*** Opening of Data excerpt ***

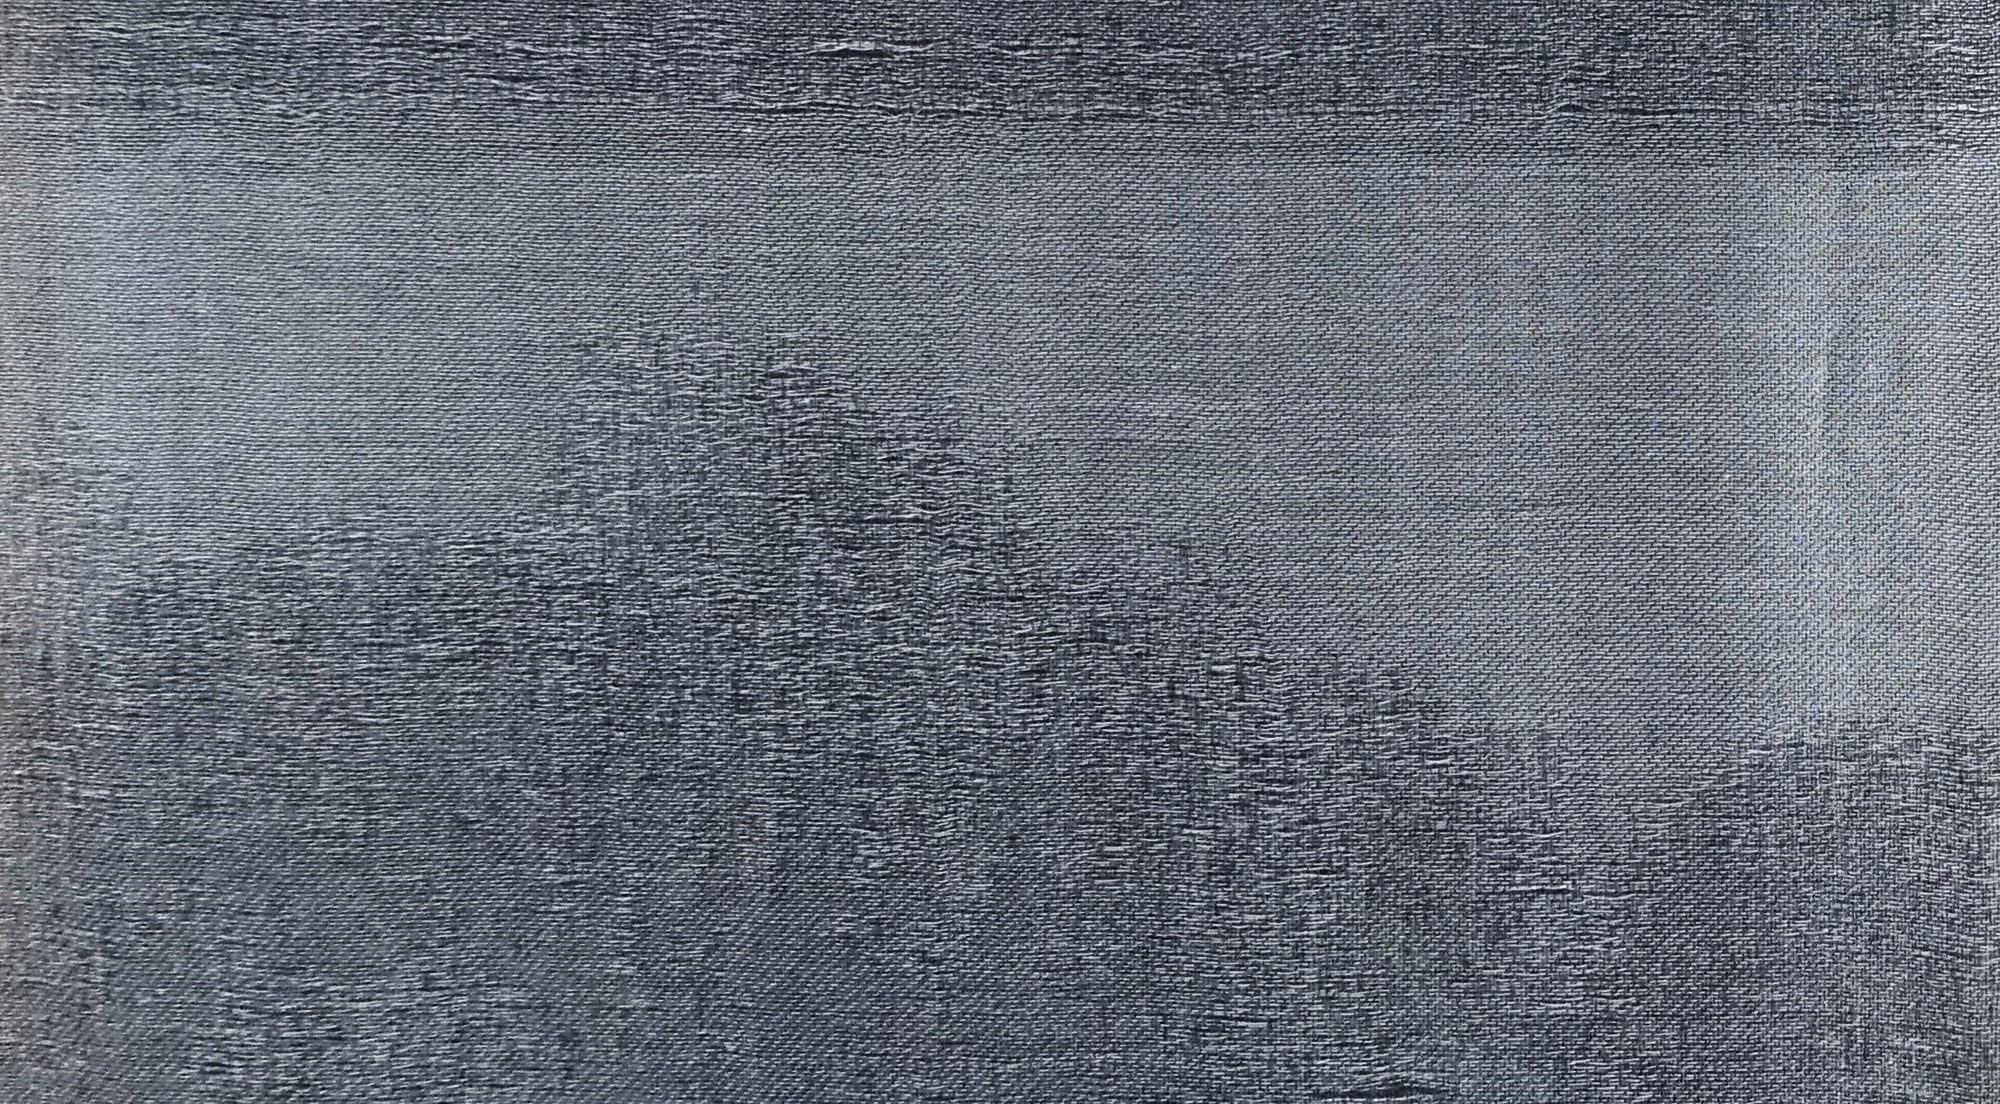 grey textile layers in close up, looking blurry and sharp at the same time, somehow
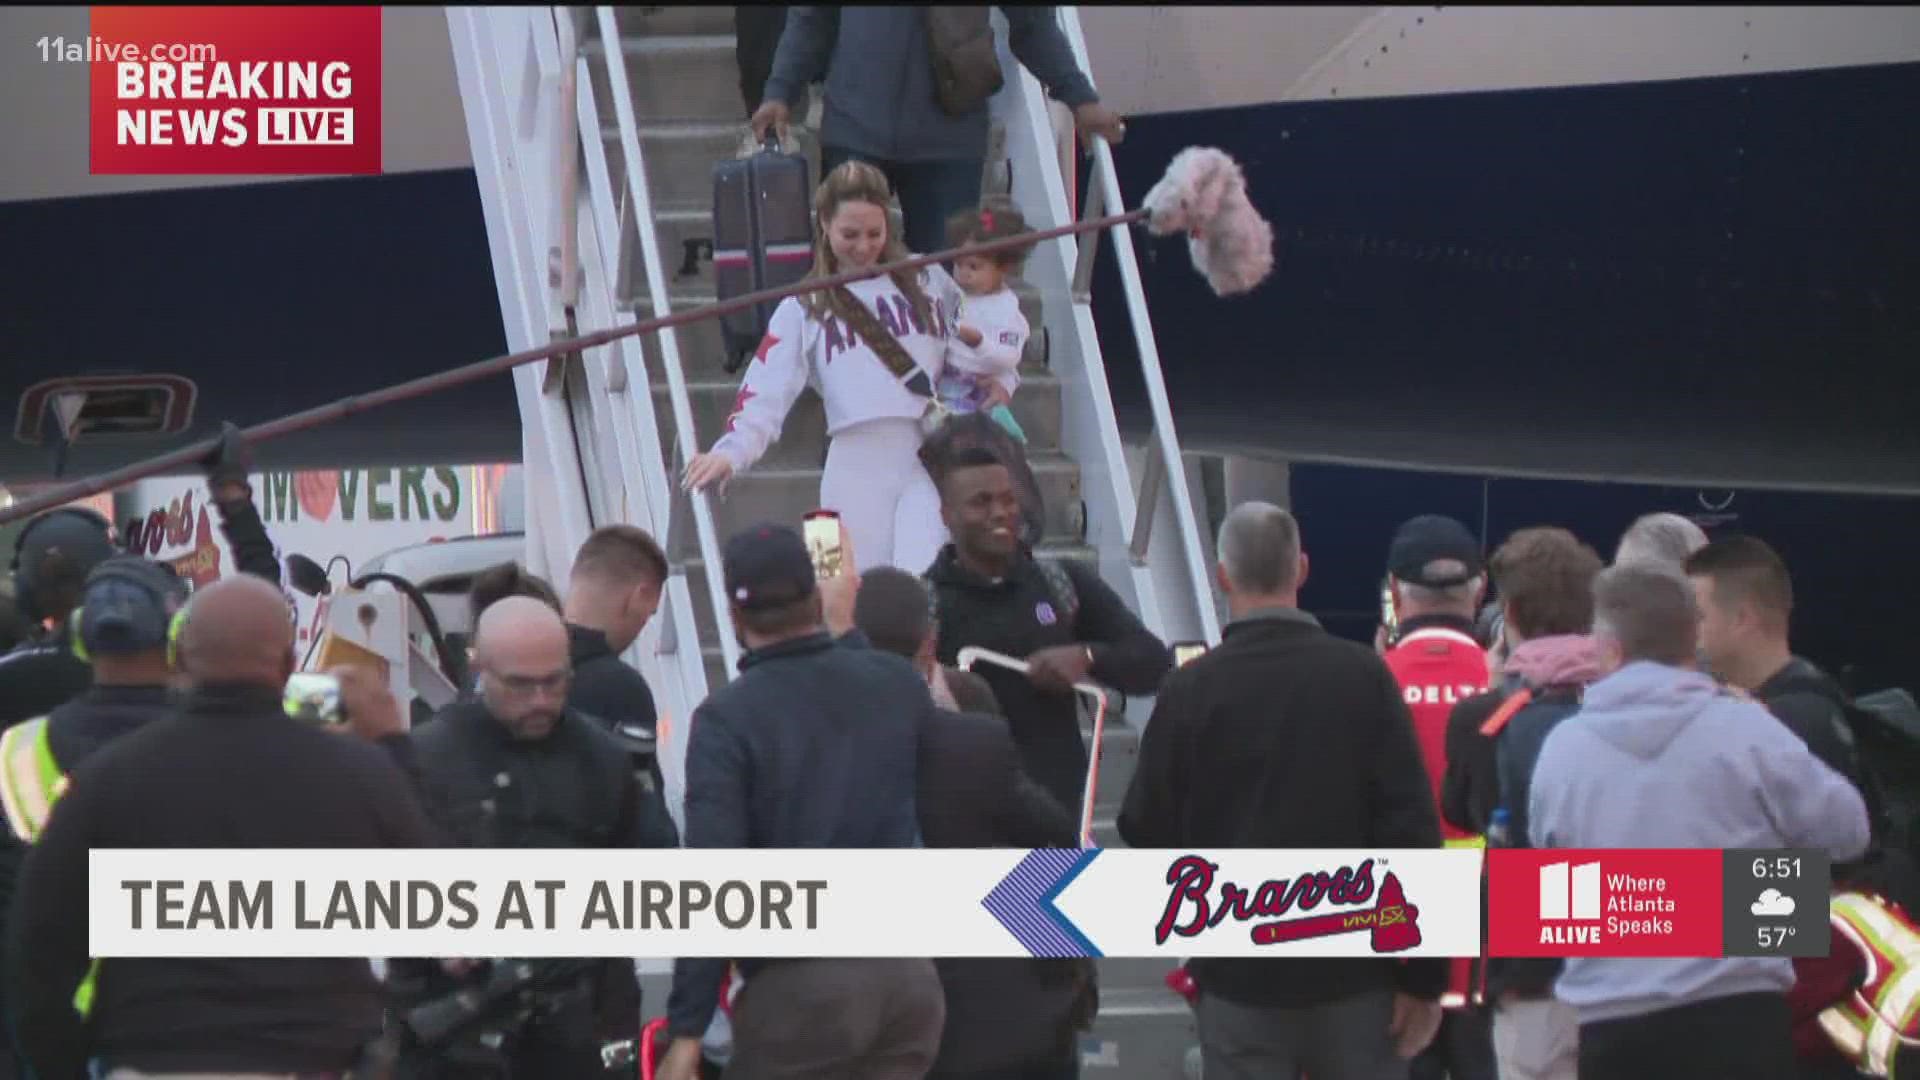 MVP Jorge Soler and family arrive in Atlanta after Braves win World Series
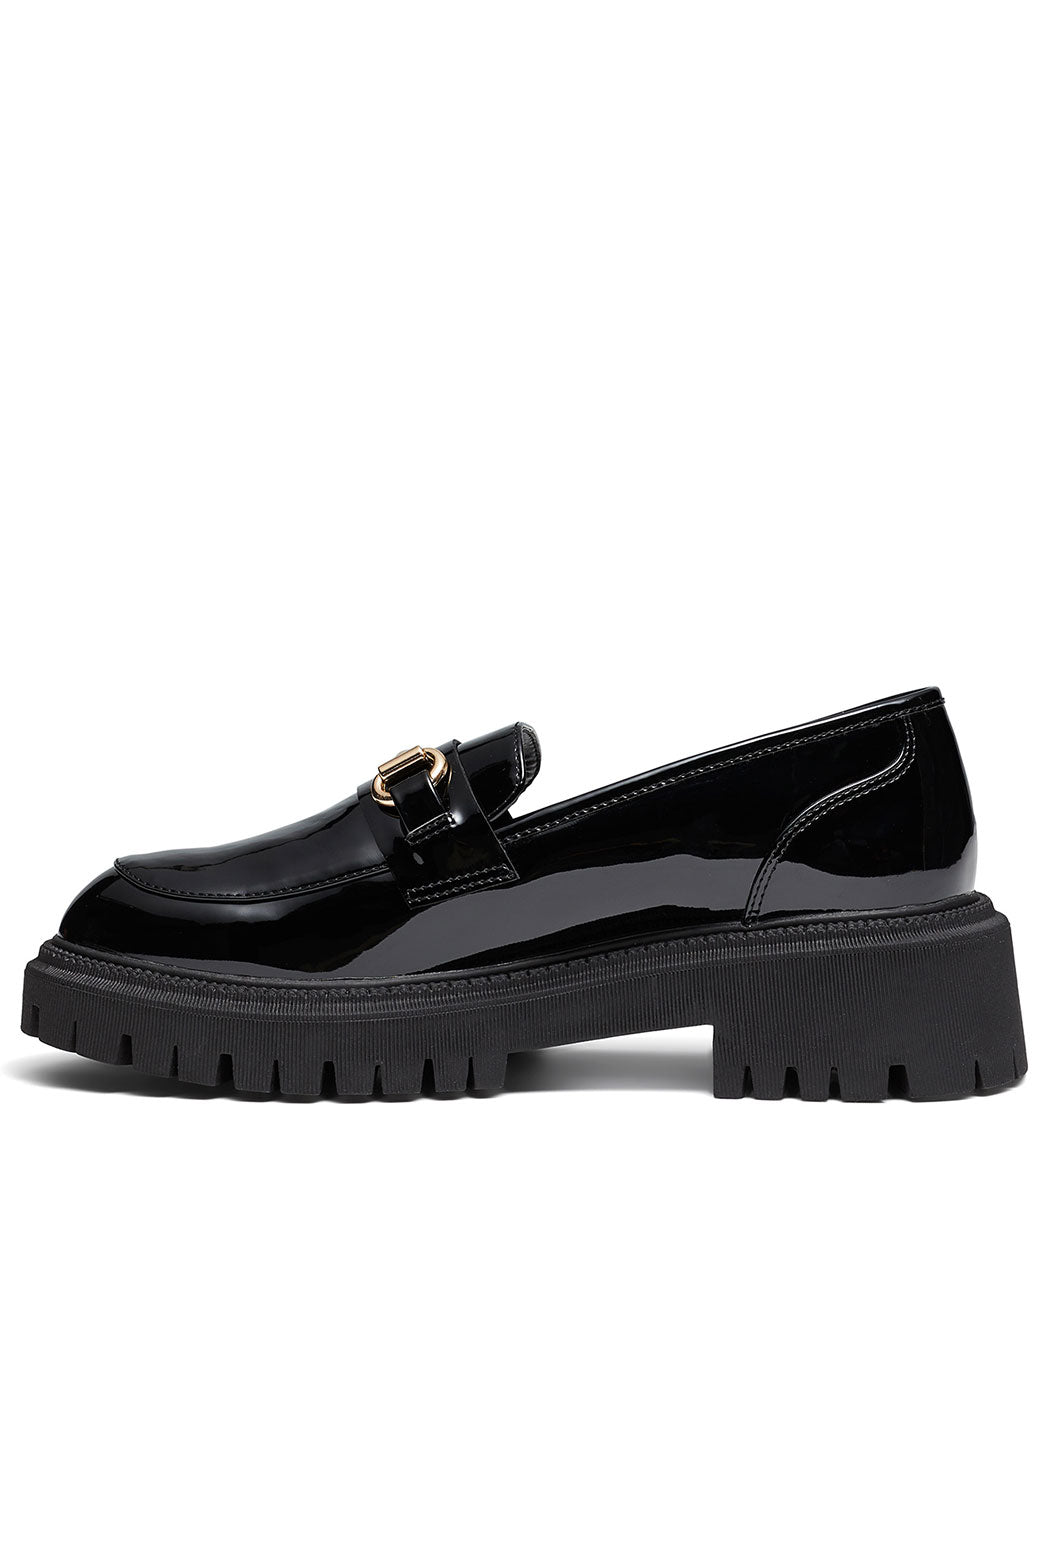 FINAL SALE Therapy Extra Loafers Black Patent
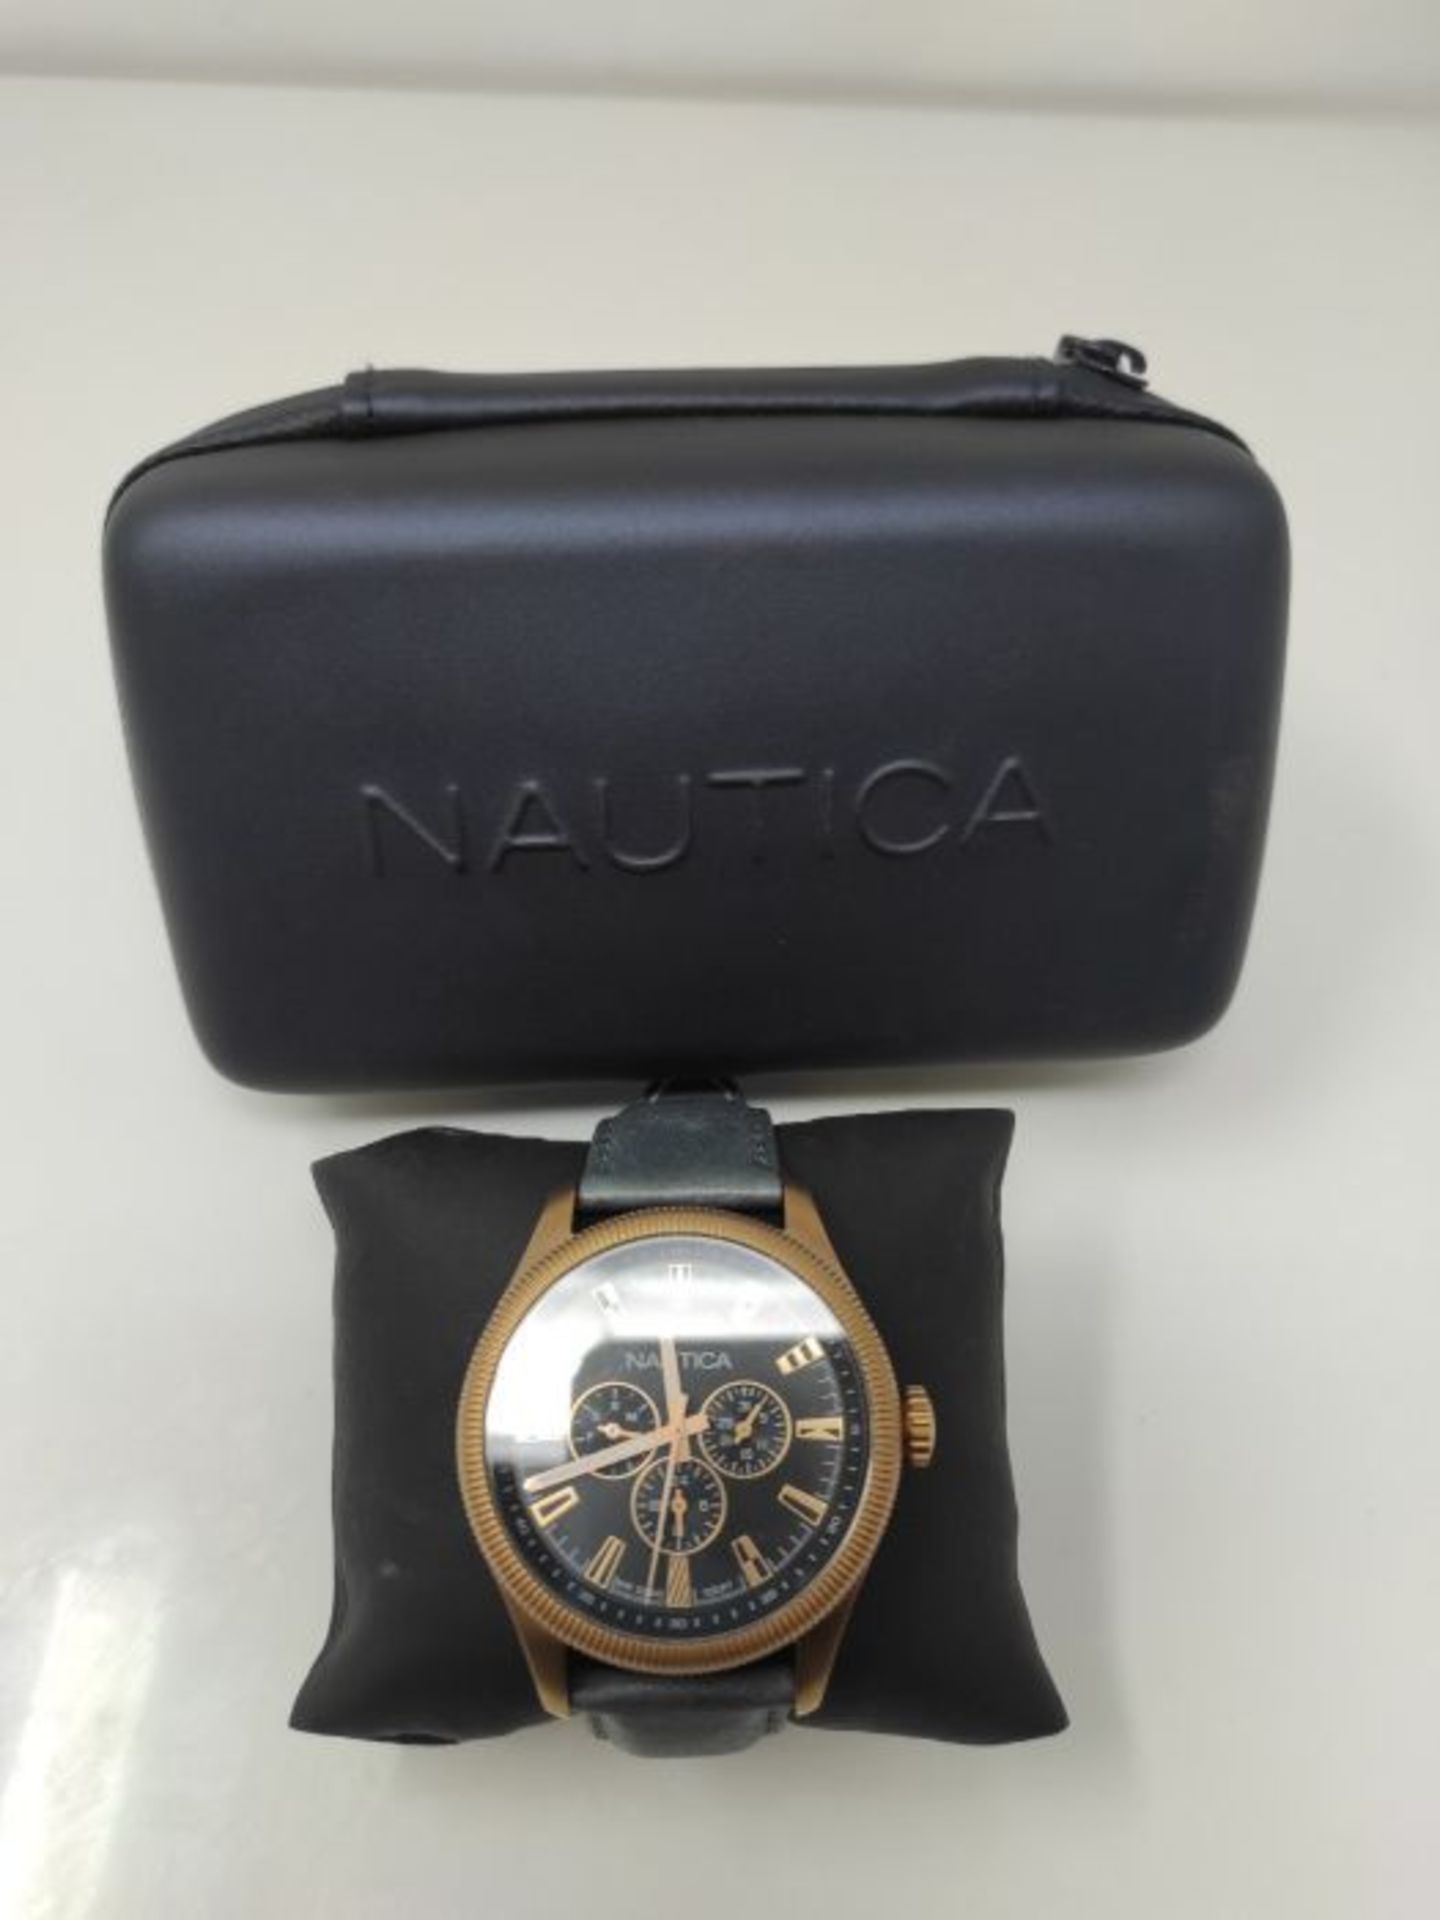 RRP £180.00 Nautica Men's Analogue Quartz Watch with Leather Strap NAPSTB003 - Image 2 of 3

*** Close of Data excerpt ***

> The problem
Nothing but the pictures may be dropped as you repeat the listing above exactly.

> Result of the task
 grey textile layers in close up, looking blurry and sharp at the same time, somehow
 MVP Jorge Soler and family arrive in Atlanta after Braves win World Series
 FINAL SALE Therapy Extra Loafers Black Patent
 RRP £180.00 Nautica Men's Analogue Quartz Watch with Leather Strap NAPSTB003 - Image 2 of 3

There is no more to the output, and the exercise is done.